6. Describe the eye. What sort of lens is used by a longsighted person? Explain by a figure the course of the rays through the lens.

7. Define a prism. Shew that no ray of light will pass through a prism, if the sine of half the angle of the prism is equal to the reciprocal of the index of refraction. Give a brief description of Newton's investigations upon the nature of light by means of a prism, and the results he arrived at.

8. Distinguish between a Telescope and a Microscope. Give figures of Newton's Telescope, and of a compound Refracting Microscope, shewing the path of a pencil through each. In Newton's Telescope, if the radius of the mirror be four feet, and the focal length of the eye-lens an inch, find the magnifying power.

9. Distinguish between a mean solar and a sidereal day. When the Sun is in Libra, which is the fastest, the clock or the sun-dial?

A certain eclipse was observed to begin at half-past three in the afternoon of the first of January. The Sun's Right Ascension at apparent noon was 18h. 46'. 52", and the equation of time was 3'.50" mean solar time, which may be supposed constant for a short time; find the time by the sidereal clock at which the eclipse began.

10. Give an explanation of the causes of the seasons. What difference would there be in the seasons if the eccentricity of the Earth's orbit was very much increased and the obliquity of the ecliptic decreased.

11. Bradley, when sailing on the Thames, was led to discover aberration by observing a vane on the top of the mast which appeared to alter its direction whenever the vessel changed its

course, the wind meanwhile blowing always in one direction. Explain this, and by other examples illustrate aberration.

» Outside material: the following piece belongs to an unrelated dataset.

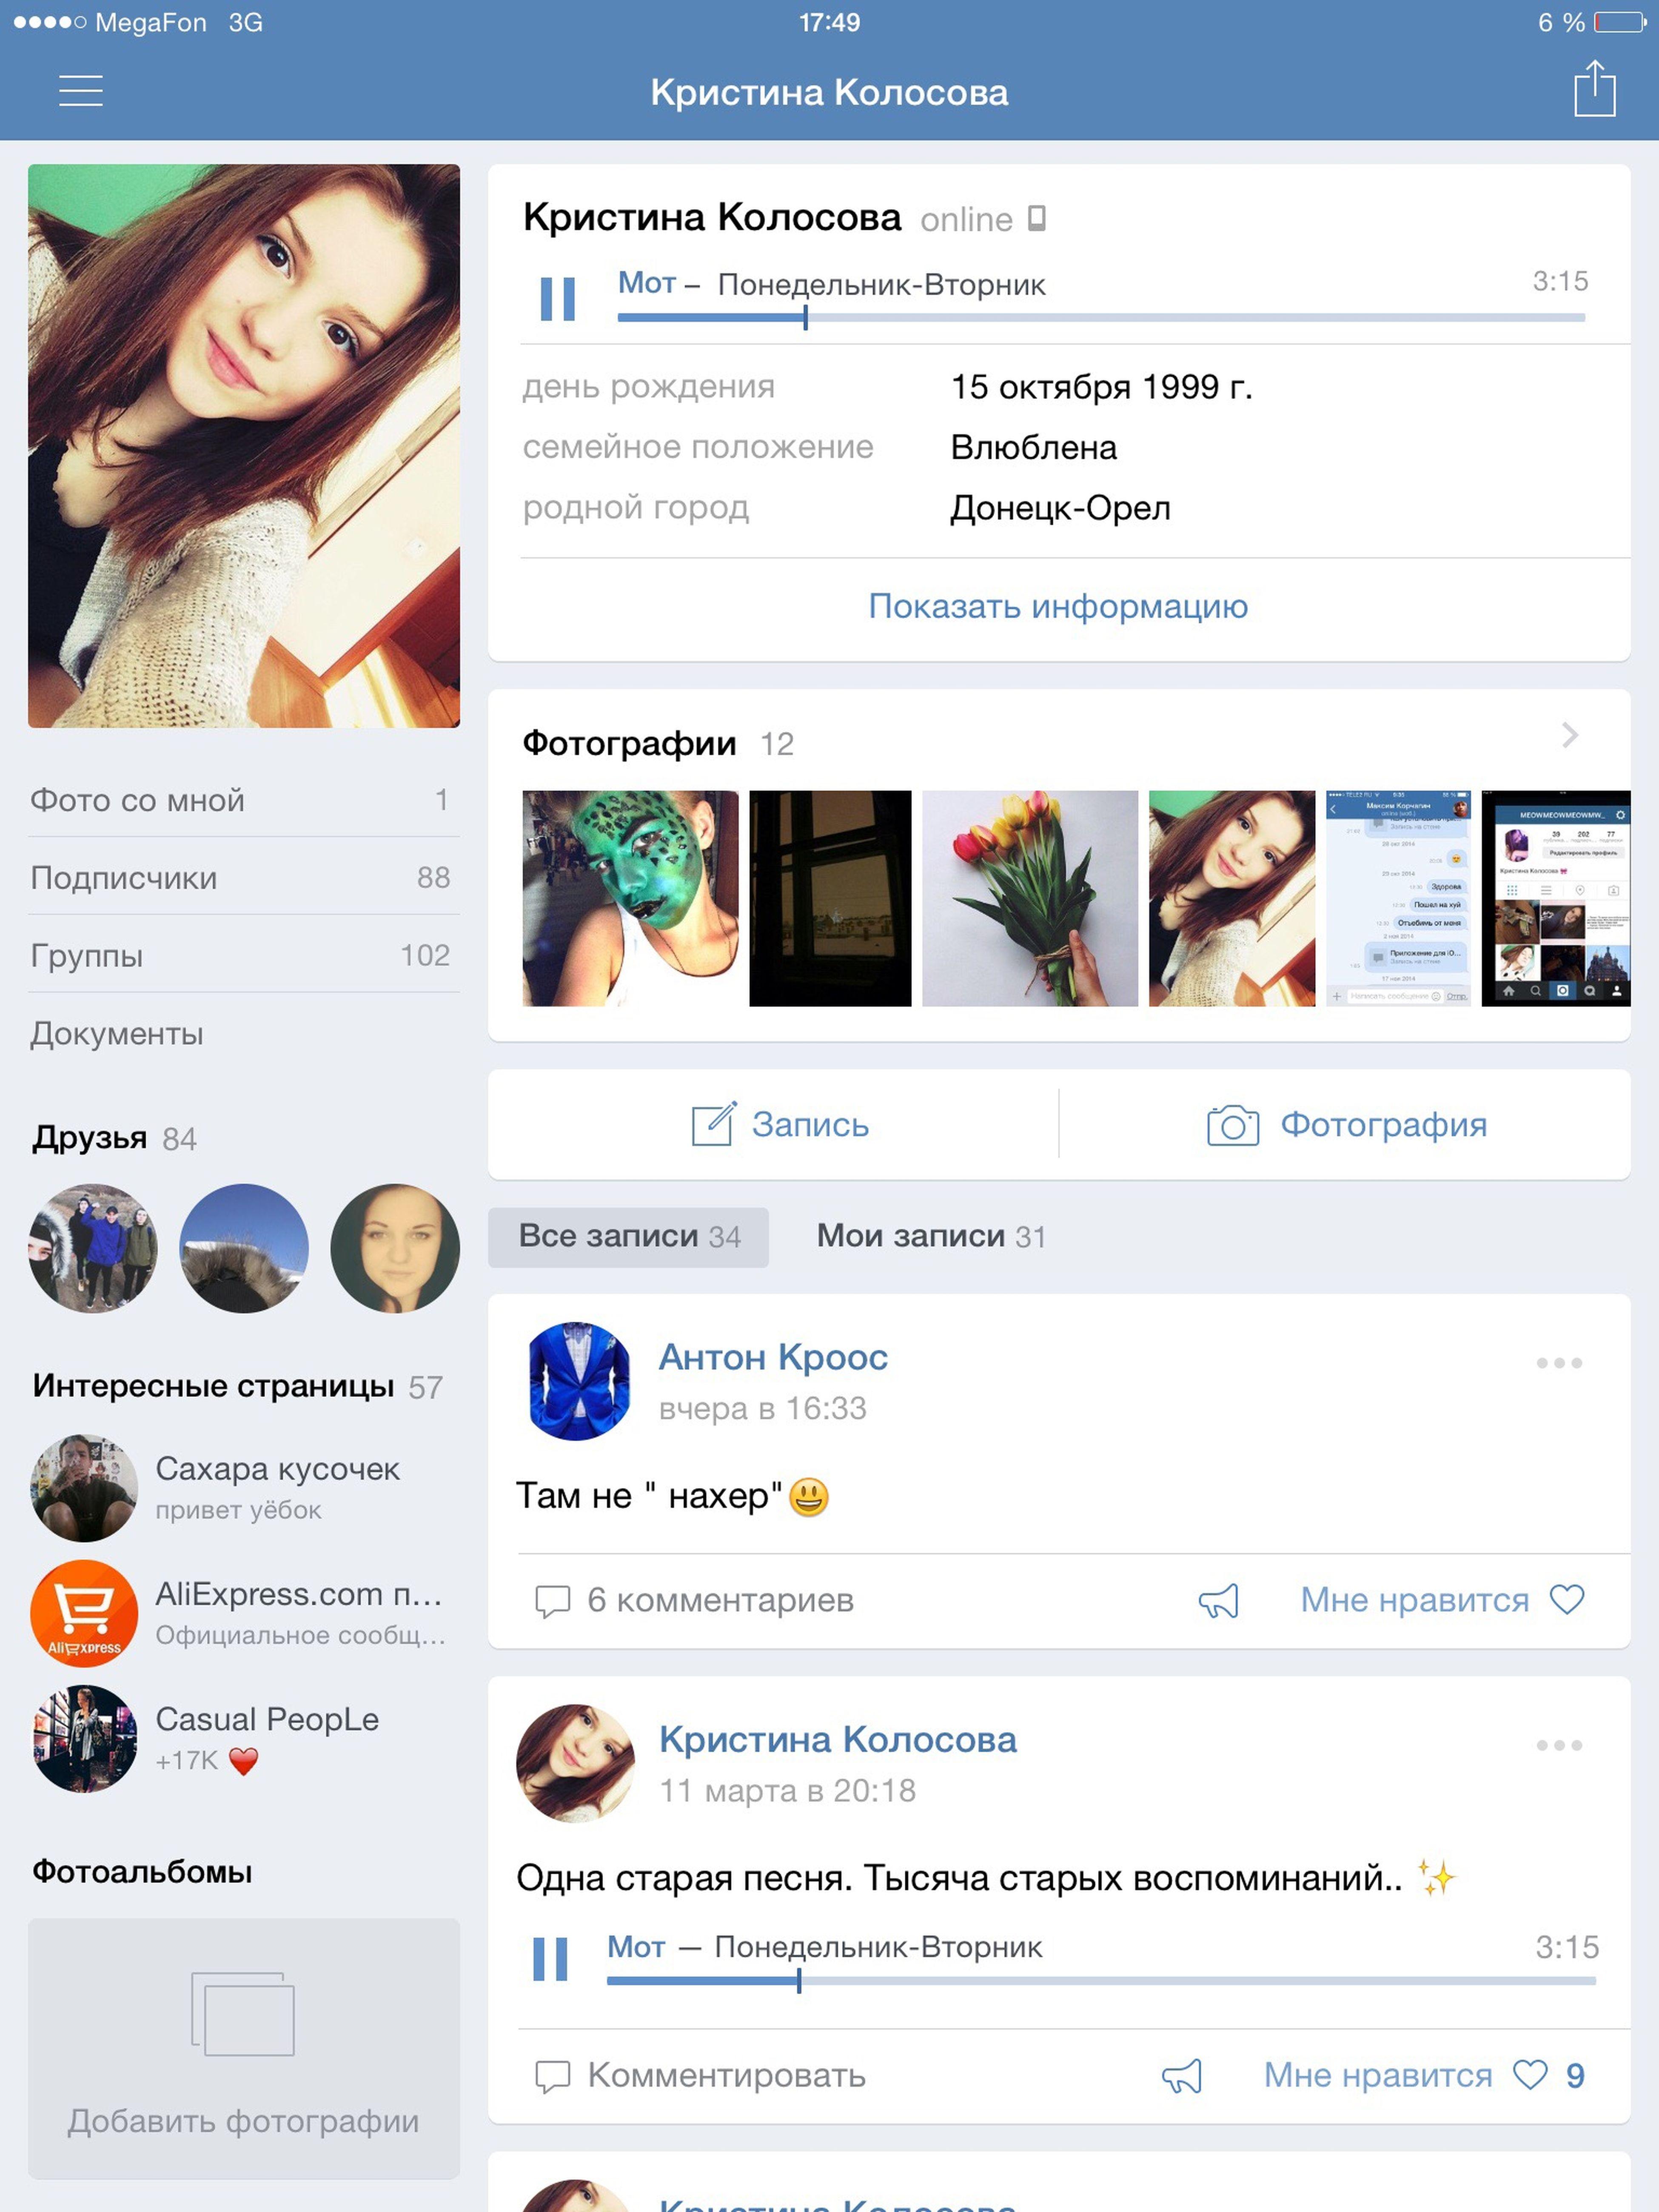 Го в вк https://vk.com/id230753439 вконтакте Вк Vk Vkontakte Gofriend Followme

If the Sun be at a solstice, shew that the time of rising or setting of all stars on the horizon at midnight is unaffected by aberration. Find the position of that star whose point of rising also is unaffected by aberration.


Describe the Transit Instrument.

If there be a small error of deviation of the east end of the axis towards the south, and an equal error of level so that the west end is too high, find the declination of the star whose time of transit at a given place is unaffected by these errors.

13. What observations are necessary to determine the rate at which a signal travels along the wires of the Electric Telegraph?

14. Define course steered, and lee-way. meant by plane sailing and great circle sailing. practical method of finding the longitude at sea.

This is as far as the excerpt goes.